Results: The analysis data set contained 238 patients (Nobs=6225) on placebo and 1152 patients (Nobs=32758) treated with etrolizumab 105 mg every 4 weeks. Based on the placebo data, we developed a BI model with IIV on the BASE parameter per subscore and IIV for SD shared across scores. We applied the placebo and active treatment effect similarly to all scores and had IIV included for the maximum effect. As such, subscore-specific parameters relied on baseline observations, while parameters describing post-baseline trends and variability were informed by all subscores equally. The model reliably predicted the analysis data with no misspecified trends in the goodness-of-fit plots nor in the VPC. Remission at the end of induction was correctly predicted 183 out of 242 times (76%) and non-remission was predicted correctly 986 out of 1071 times (92%). The external subscore data was predicted well for RB, PGA, and endoscopic score, but was underpredicted for SF. This was due to a lower mean SF baseline: 2.48 in the external data compared to 2.22 in the analysis data. Importantly, a VPC for remission indicated adequate performance for the external data regarding this key clinical measure: the 95% confidence interval of simulated remission encompassed the observed remission for each study.
Conclusions: The IRT model adequately described the subscores of MCS and reliably predicted the remission status for both the analysis data and the external data. These results suggest that the proposed model structure is a valid option for longitudinally describing the clinical disease status of patients with UC. Other drug effects can be inserted as deemed appropriate, allowing the model to propel model informed drug development across a range of UC programs.
References:
[1] Ueckert S. Modeling Composite Assessment Data Using Item Response Theory.

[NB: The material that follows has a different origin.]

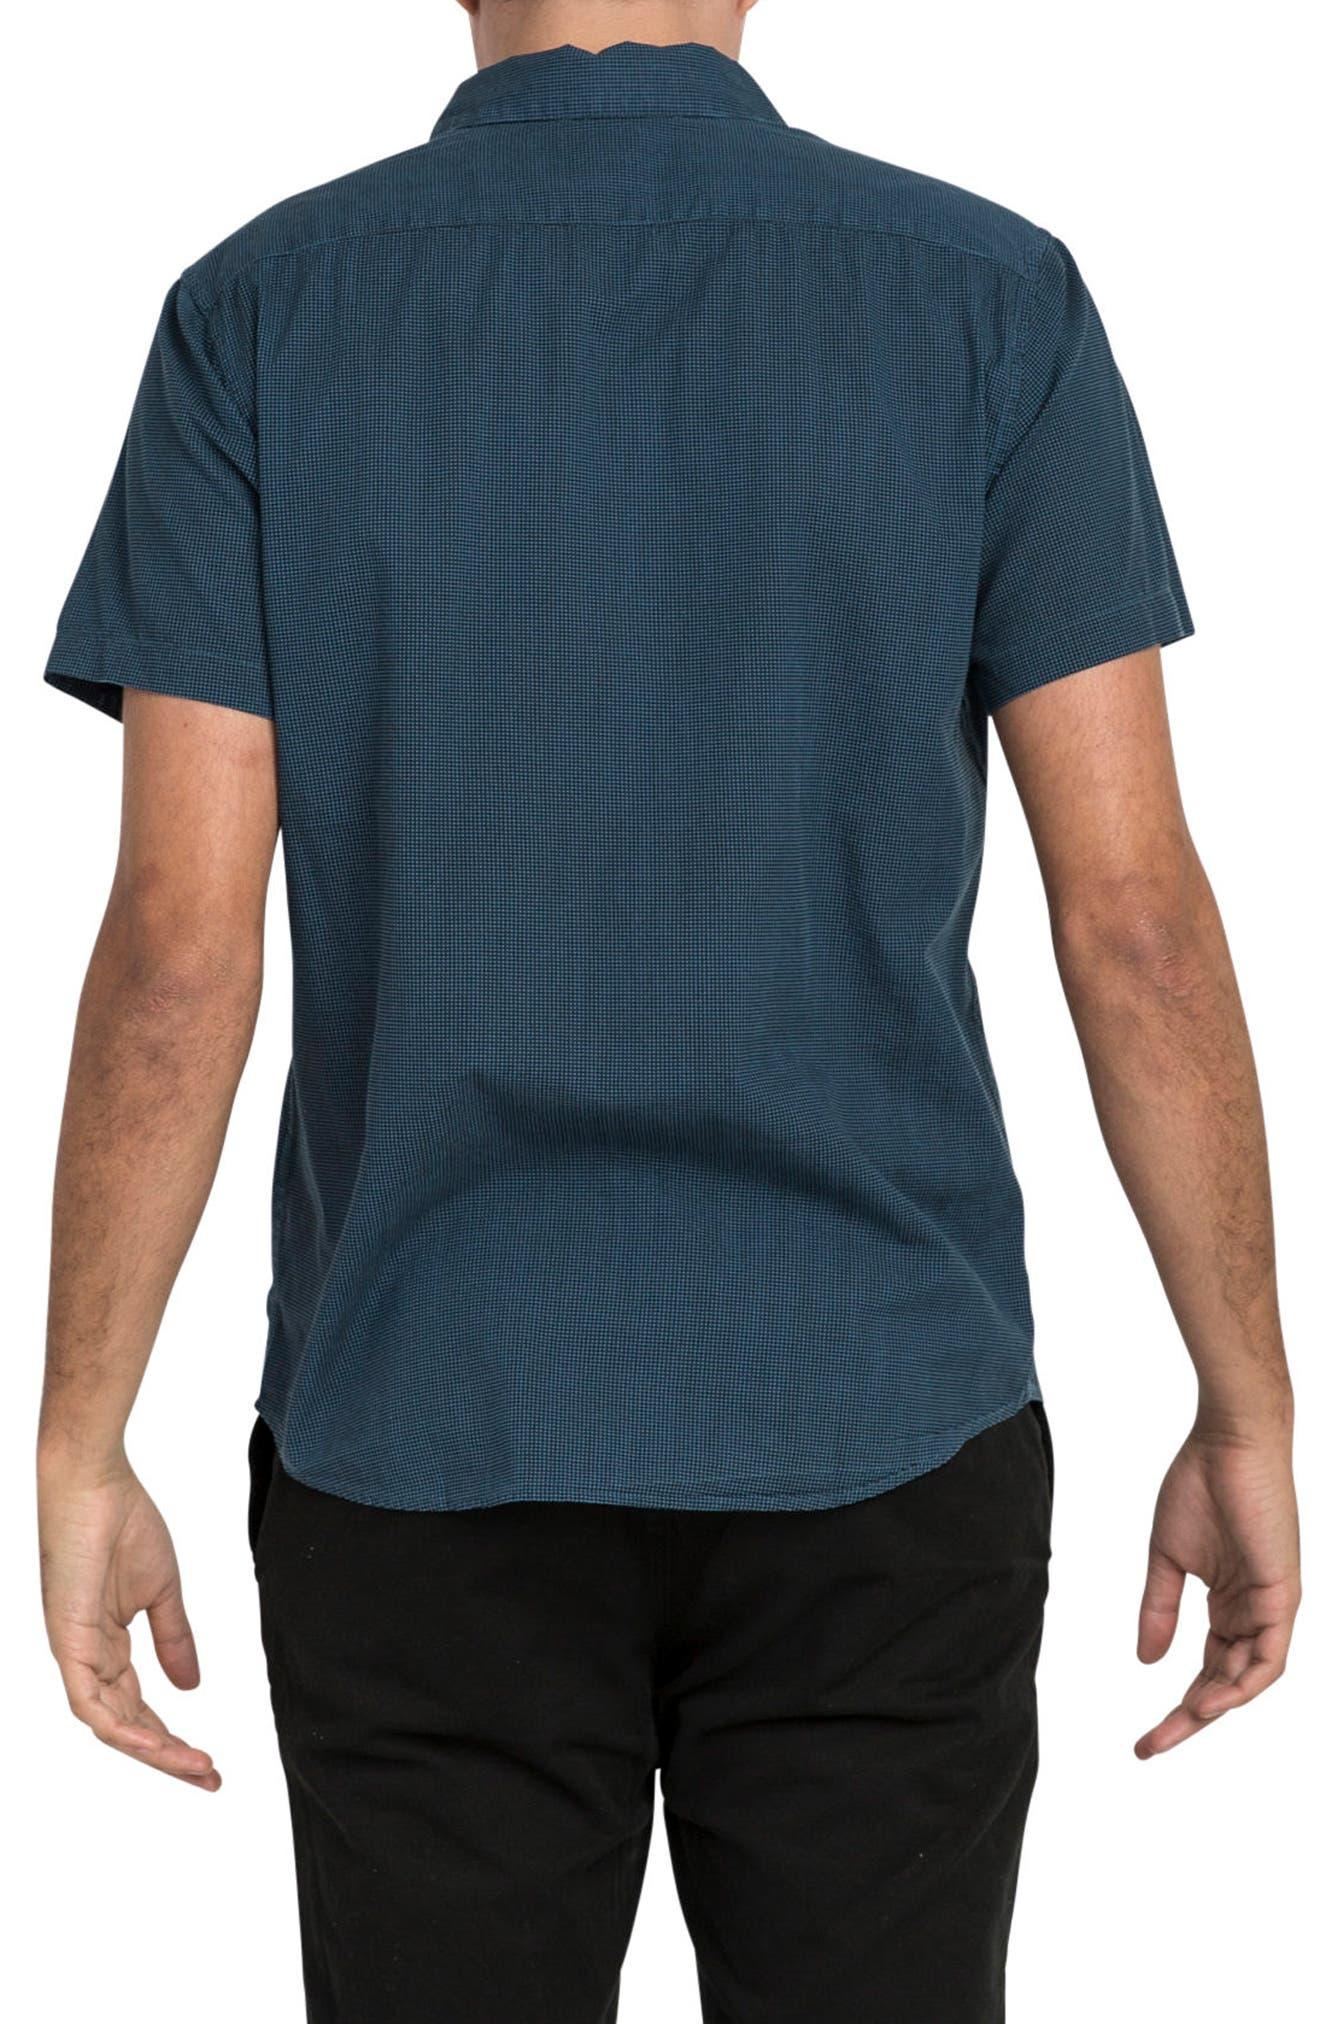 No Name Woven Shirt,                             Alternate thumbnail 2, color,                             Dark Denim

CPT Pharmacometrics Syst Pharmacol. 2018;7(4):205-218.
[2] Sandborn WJ, Vermeire S, Tyrrell H, Hassanali A, Lacey S, Tole S, Tatro AR; Etrolizumab Global Steering Committee. Etrolizumab for the Treatment of Ulcerative Colitis and Crohn's Disease: An Overview of the Phase 3 Clinical Program. Adv Ther. 2020 Jul;37(7):3417-3431.
[3] Wellhagen GJ, Kjellsson MC, Karlsson MO. A Bounded Integer Model for Rating and Composite Scale Data. AAPS J. 2019 Jun 6;21(4):74.
[4] Yin PT, Desmond J, Day J (2019) Sharing historical trial data to accelerate clinical development. Clin Pharmacol Ther 106:1177–1178.
[5] Kawakatsu, S., Zhu, R., Zhang, W. et al. A longitudinal model for the Mayo Clinical Score and its sub-components in patients with ulcerative colitis. J Pharmacokinet Pharmacodyn 49, 179–190 (2022).